In CAF, we use a different approach than the standard library because (1) we
always allocate actors along with their control block, (2) we need additional
information in the control block, and (3) we can store only a single raw
pointer internally instead of the two raw pointers std::shared_ptr
needs. The following figure summarizes the design of smart pointers to actors.
CAF uses strong_actor_ptr
instead of
std::shared_ptr<...>
and weak_actor_ptr
instead of
std::weak_ptr<...>
. Unlike the counterparts from the standard
library, both smart pointer types only store a single pointer.
Also, the control block in CAF is not a template and stores the identity of an
actor (actor_id
plus node_id
). This allows CAF to
access this information even after an actor died. The control block fits
exactly into a single cache line (64 Bytes). This makes sure no false
sharing occurs between an actor and other actors that have references to it.

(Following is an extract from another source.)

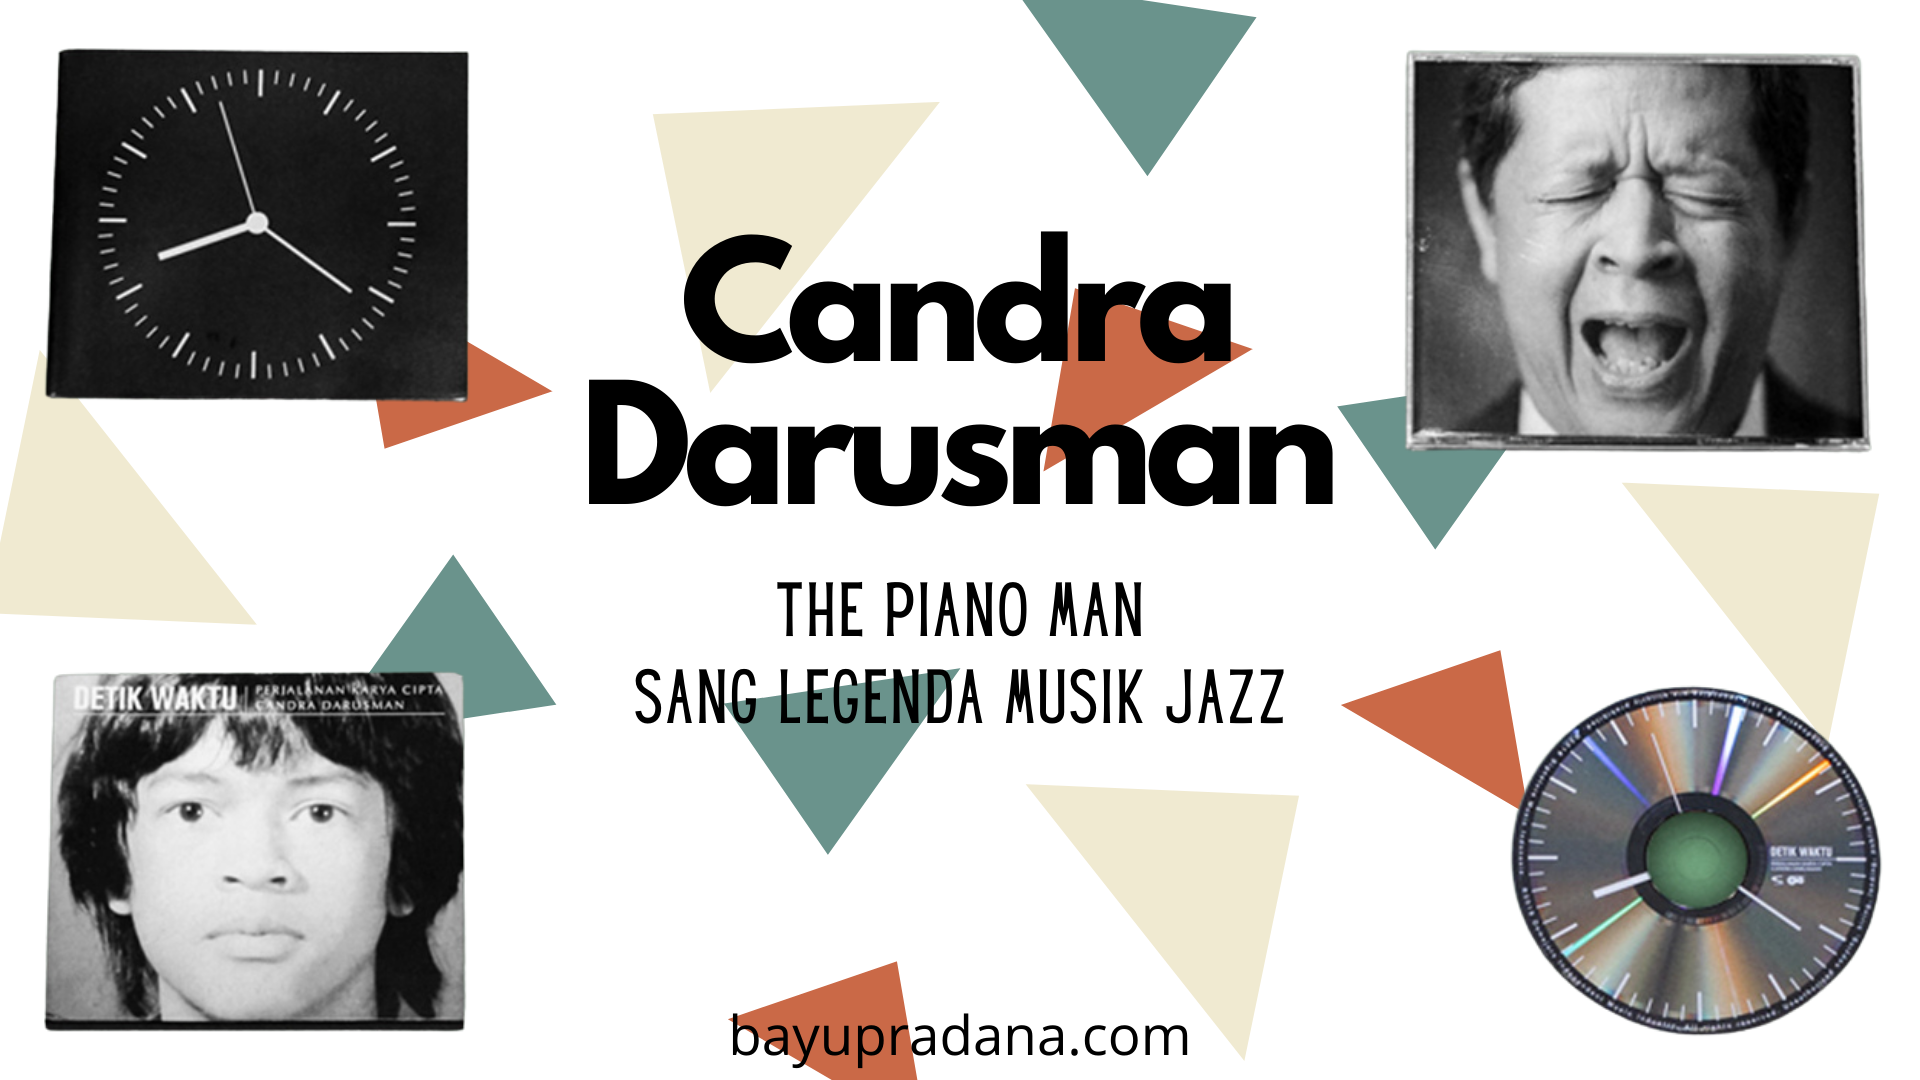 Candra Darusman, The Piano Man sang Legenda Musik Jazz

Since the size of the control block is fixed and CAF guarantees the
memory layout enforced by actor_storage
, CAF can compute the
address of an actor from the pointer to its control block by offsetting it by
64 Bytes. Likewise, an actor can compute the address of its control block.
The smart pointer design in CAF relies on a few assumptions about actor types.
Most notably, the actor object is placed 64 Bytes after the control block. This
starting address is cast to abstract_actor*
. Hence, T*
must be convertible to abstract_actor*
via
reinterpret_cast
. In practice, this means actor subclasses must not
use virtual inheritance, which is enforced in CAF with a
static_assert
.
A strong reference manipulates the strong refs
counter as
shown above. An actor is destroyed if there are zero strong references
to it. If two actors keep strong references to each other via member variable,
neither actor can ever be destroyed because they produce a cycle
breaking-cycles. Strong references are formed by
strong_actor_ptr
, actor
, and
typed_actor<...>
actor-reference_.
A weak reference manipulates the weak refs
counter. This
counter keeps track of how many references to the control block exist. The
control block is destroyed if there are zero weak references to an actor
(which cannot occur before strong refs
reached zero as
well). No cycle occurs if two actors keep weak references to each other,
because the actor objects themselves can get destroyed independently from their
control block. A weak reference is only formed by actor_addr
actor-address_.
The function actor_cast
converts between actor pointers and
handles. The first common use case is to convert a strong_actor_ptr
to either actor
or typed_actor<...>
before being able
to send messages to an actor. The second common use case is to convert
actor_addr
to strong_actor_ptr
to upgrade a weak
reference to a strong reference. Note that casting actor_addr
to a
strong actor pointer or handle can result in invalid handles. The syntax for
actor_cast
resembles builtin C++ casts. For example,
actor_cast<actor>(x)
converts x
to an handle of type
actor
.
Cycles can occur only when using class-based actors when storing references to
other actors via member variable. Stateful actors stateful-actor_ break
cycles by destroying the state when an actor terminates, before the
destructor of the actor itself runs. This means an actor releases all
references to others automatically after calling quit
. However,
class-based actors have to break cycles manually, because references to others
are not released until the destructor of an actor runs. Two actors storing
references to each other via member variable produce a cycle and neither
destructor can ever be called.
Class-based actors can break cycles manually by overriding
on_exit()
and calling destroy(x)
on each
handle actor-handle_. Using a handle after destroying it is undefined
behavior, but it is safe to assign a new value to the handle.